The eldest countess smiled her enigmatic smile. “I am most delighted to hear you say that.”
Miss Carr bowed herself out to go to the robing room where the mannequins were waiting to hear what garments they should don.
The girls sitting on couches and benches in their altogethers in the cloth-draped chamber looked up at her as she entered. They had been drinking tea and coffee to stay awake. A few of them had taken naps, but many of them were worn and a little pallid, looking older than their ages, which were from sixteen to twenty years. They had all expressed themselves willing to work late for the bonus wages Mrs. Feldon-Jacobs offered for this night. It was hardly a respectable time for young ladies to be out, but the owner constantly impressed upon her staff that the customer was always right, and three ladies who wished to be fitted for entire ensembles was not an opportunity to be missed.
“The whole line,” she said. Excitement brought roses back into the girls’ cheeks as they hurried to help one another dress. “The first walkthrough should begin in ten minutes,” Miss Carr announced, pitching her voice slightly to carry over the hubbub. “Make your change in time for the second walkthrough and wait for my signal. Repeat your promenade in the same order until I inform you to stay or go back to your first costume.” The girls didn’t look up at her, busy as they were with corsets and petticoats, but she knew they heard her.
She returned to the salon, clasped her hands together nervously and beamed at her guests.
“We shall be ready to present our line to you shortly. In the meantime, may I offer you refreshment?”
“Thank you,” said the second-oldest, raising her hooded eyes to Miss Carr. The glance was piercing and disquieting. Miss Carr suppressed a shudder. “But not just now.”
“Of course,” Miss Carr said, feeling her heart flutter. “I…

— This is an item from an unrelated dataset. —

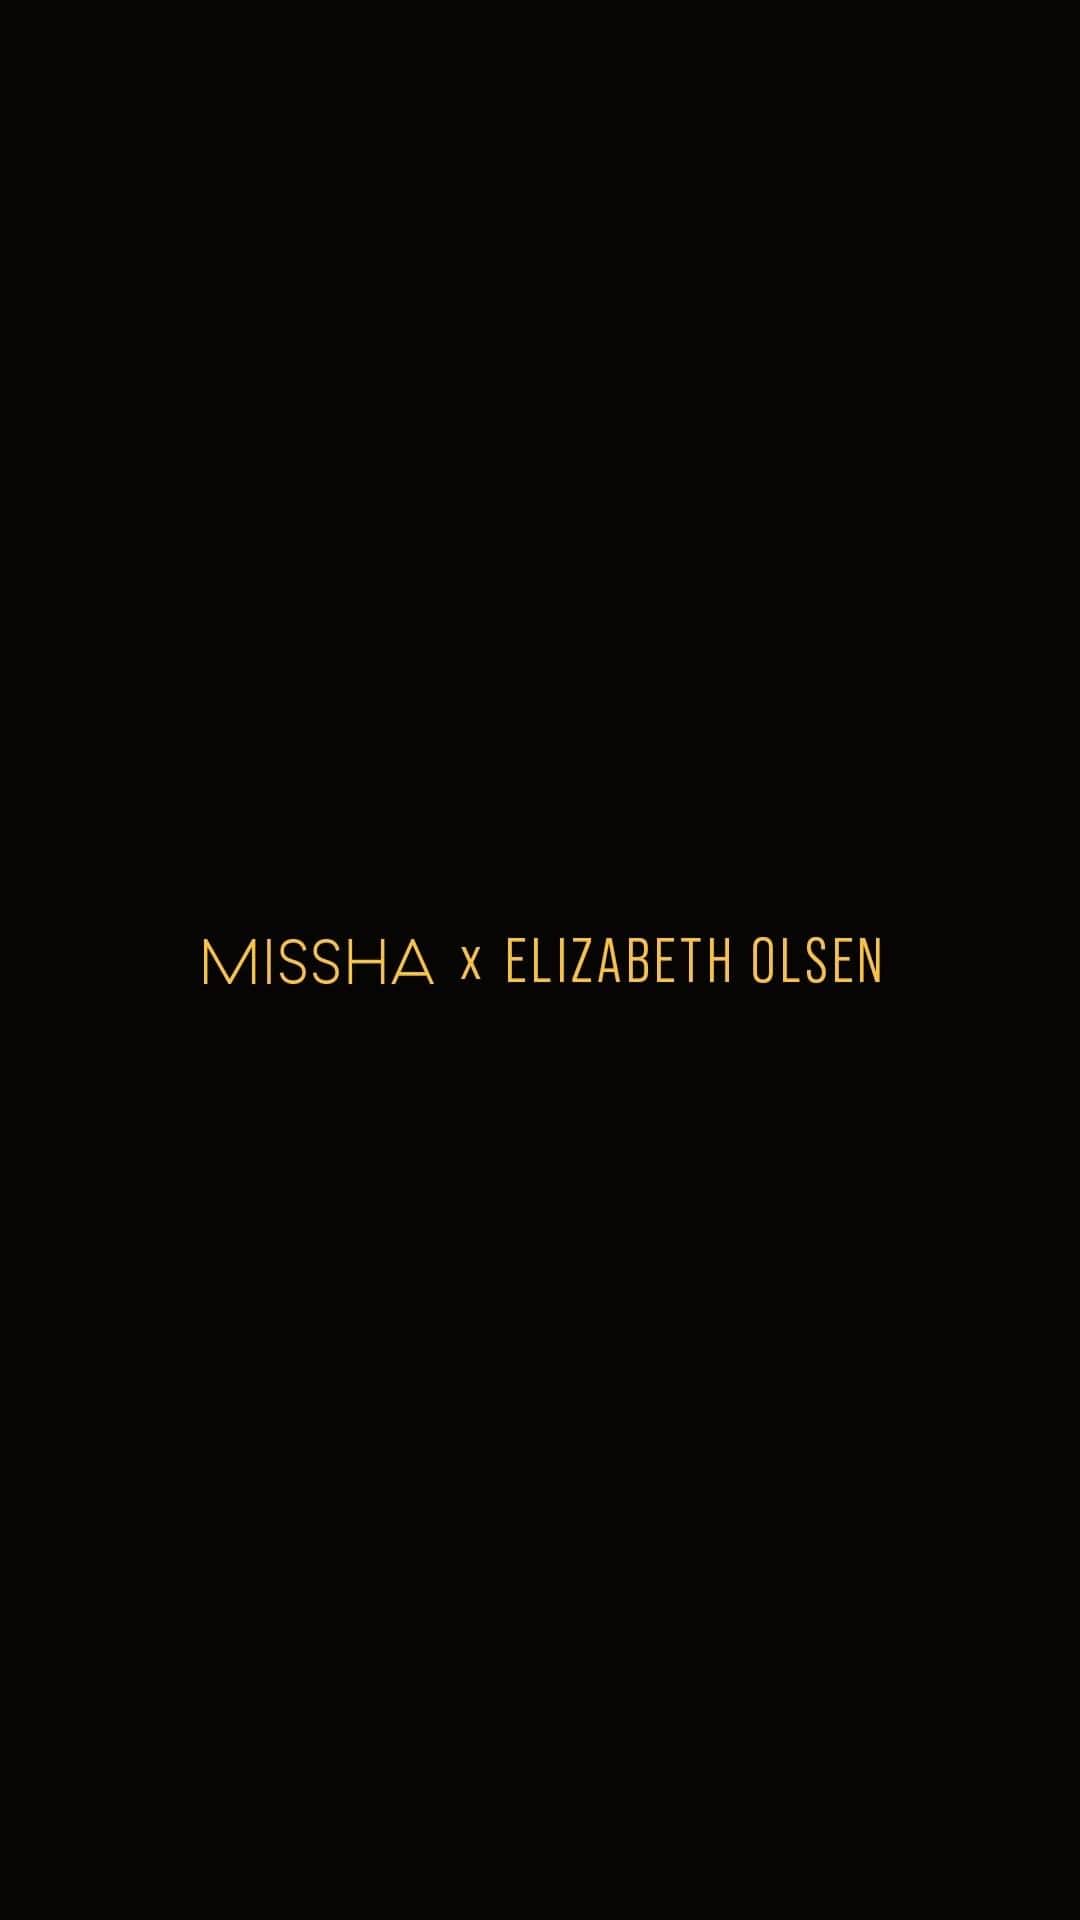 미샤 MISSHAのインスタグラム

Countesses, how shall I address you to distinguish among you? Are you perhaps sisters?” she asked, though she couldn’t see how the third woman might have been related to the first two. “Or are your husbands brothers? Cousins?”
“We are all the wives of the great Count Dracula,” said the second woman, with great pride.
“Our ways are not your ways, I know,” the eldest countess said. She smiled, showing her teeth. All three had red, lush lips framing perfectly white teeth.
“I hope you will not think that I am questioning your ways!” Miss Carr exclaimed, shocked.
“No. Of course you are not,” the eldest Countess Dracula said, with a smile.
“Indeed, it is a fascinating concept of those of us in England,” Miss Carr went on, “that a man should have three wives, rather like a Turkish sultan.” The ladies, to her great surprise at women of such elegance, all spat on the white silk carpet.
“The Turks,” said the eldest, disdainfully. “The Turks are barbarians.”
“I apologize,” she said hastily. “I did not mean to offend.”
“It is not you,” said the second-eldest countess. “It is the Turks who offend by their existence.”
Miss Carr was relieved having just experienced an inner vision of the countesses sweeping out of the salon and into the night, outraged; and herself, standing on the very same stoop the next morning, unemployed, having wasted resources of the House of Feldon, then driven away the customers. She supposed that her grandmother might have made a similar gesture regarding the French, so perhaps the ladies’ reaction was not so outrageously exotic as it at first seemed. What an odd thing it must be to be a co-wife, she thought, like those people who lived in the American states. What were they called, Mormons? Miss Carr had thought that the religion was new, but it might have originated in the Balkans, for all the proponent was a man called Joseph Smith. Perhaps there was a Rumanian equivalent of the name.